Large corporates and management incentivisation – think like an investor!

24 Juni 2024

In private equity-owned companies, it is common to have a Management Incentive Plan where key employees are awarded shares in the business. This is a tried and proven model, in which the value of these shares will be determined by the growth of the business so that interests are aligned between key employees and investors.

We have recently seen more cases where this model is being adopted by corporate businesses aiming to replicate the success of private equity investors.

Such businesses want their teams to deliver an ambitious growth strategy, and they understand that paying salaries and bonuses alone may not be enough to attract, incentivise and retain the calibre of staff required to produce that outcome.

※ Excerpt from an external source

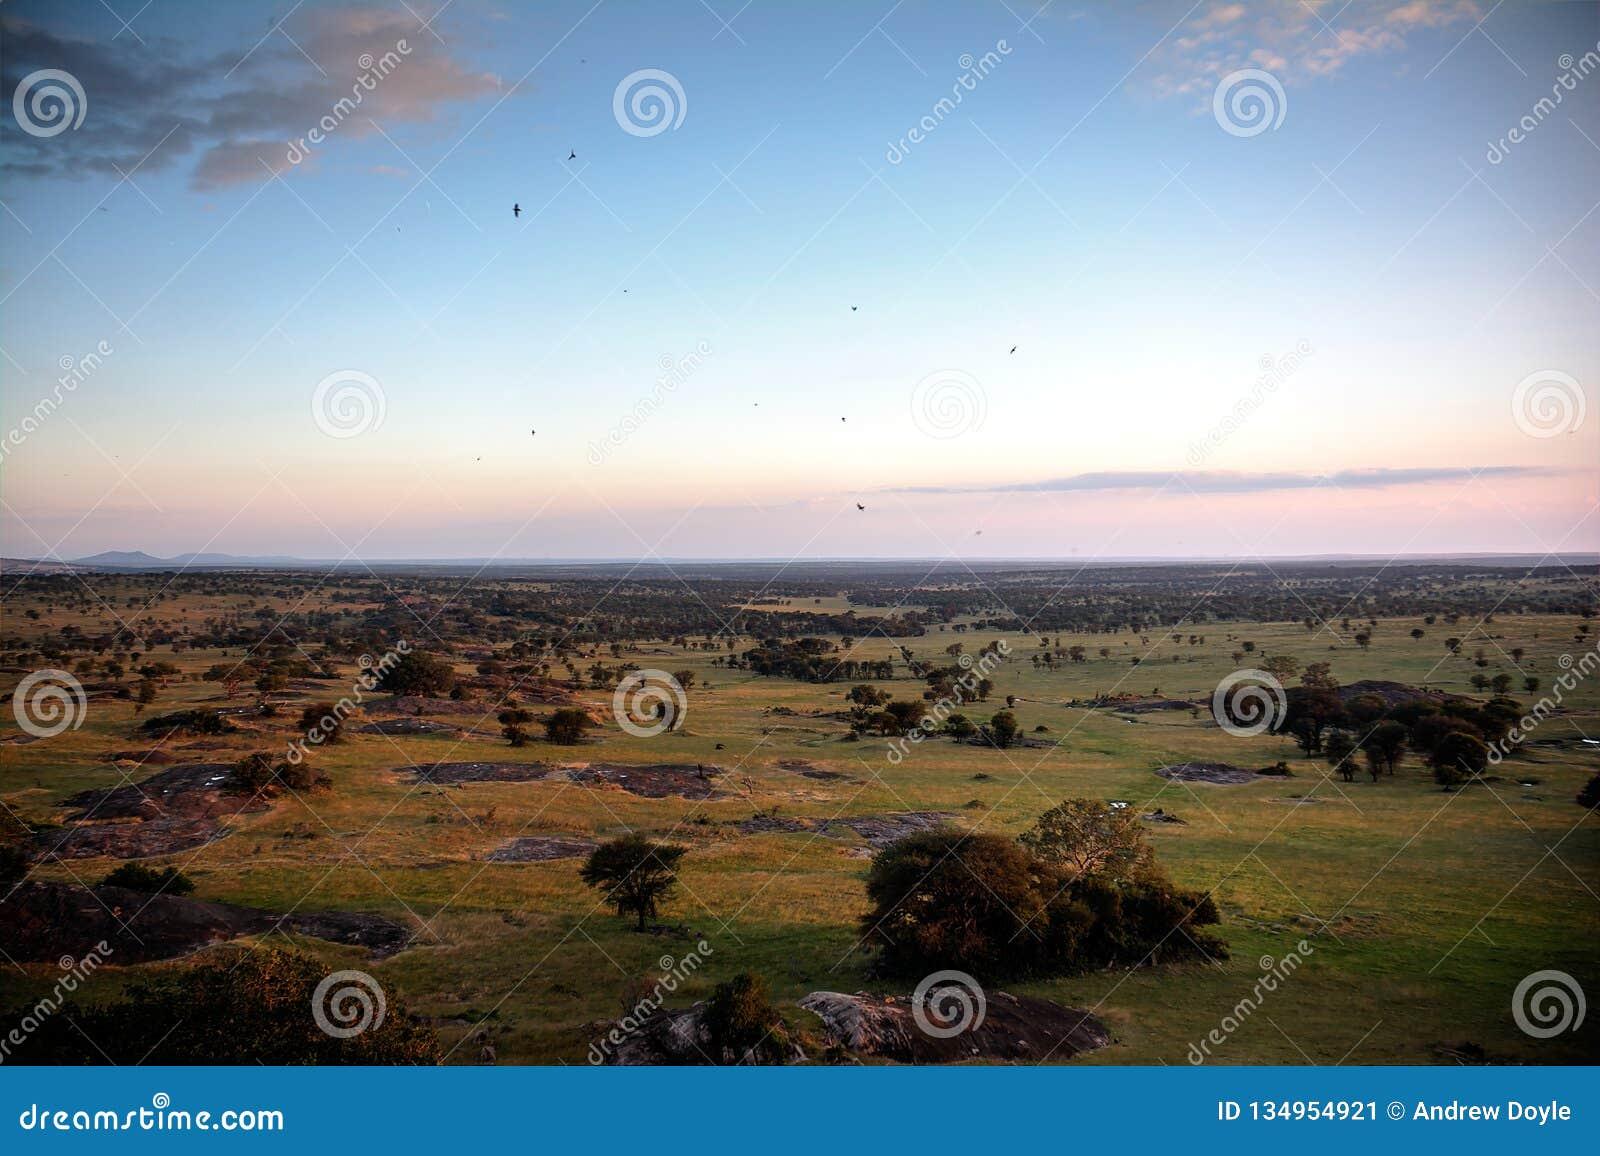 Drastische Sonnenuntergangbeleuchtung über der Serengeti-Savanne von übersehen

There is a risk that their most successful operatives may be poached by PE-backed businesses able to offer them the type of rewards that are less likely to be on offer at a company without such schemes.

The good news is that there are ways in which larger organisations can incentivise the managers in their key divisions and subsidiaries by installing a PE-like MIP structure, even if they have no plans to undergo a future sale of that part of the business, or indeed the overall group.

Liberty Corporate Finance is ideally positioned to walk you through the process of putting this type of non-deal MIP into place. We can examine and highlight the factors that will be relevant for your business, understand your commercial objectives, and deliver a framework that makes it possible to create a MIP structure appropriate to your organisation and the people within it.

The questions you need to answer while creating non-deal MIPs

If you are a listed business, a regulated entity or a large corporate considering implementing a PE-style reward structure, you should carefully consider the design of the MIP and the types of instruments you need in order to generate maximum buy-in from your teams.

Will you encourage people to invest in the plan; having “skin in the game”, or make it a free award or help with funding mechanics?

Will your plan run to a fixed timeline or be more phased or even evergreen?  If there is a fixed timeline then when this is reached and the MIP pays out, is there a risk that suddenly all of your enriched senior executives feel the time is right to leave?   Should, as an alternative, payouts be phased over staggered periods, or should you consider the creation of an internal market that facilitates buying and selling discrete portions of the MIP periodically with the overall scheme running with no fixed end point.

How Liberty can help you to plan the right strategy for your business

It’s clear from the conversations we have on a regular basis that there are plenty of corporate organisations that see the benefits of a PE-style MIP, but have no transaction event on the horizon to deliver liquidity to potential participants.

Such companies need guidance on the best way forward. They need to know if a PE-style MIP is appropriate to their business – and, if the answer is yes, how to go about implementing such a plan.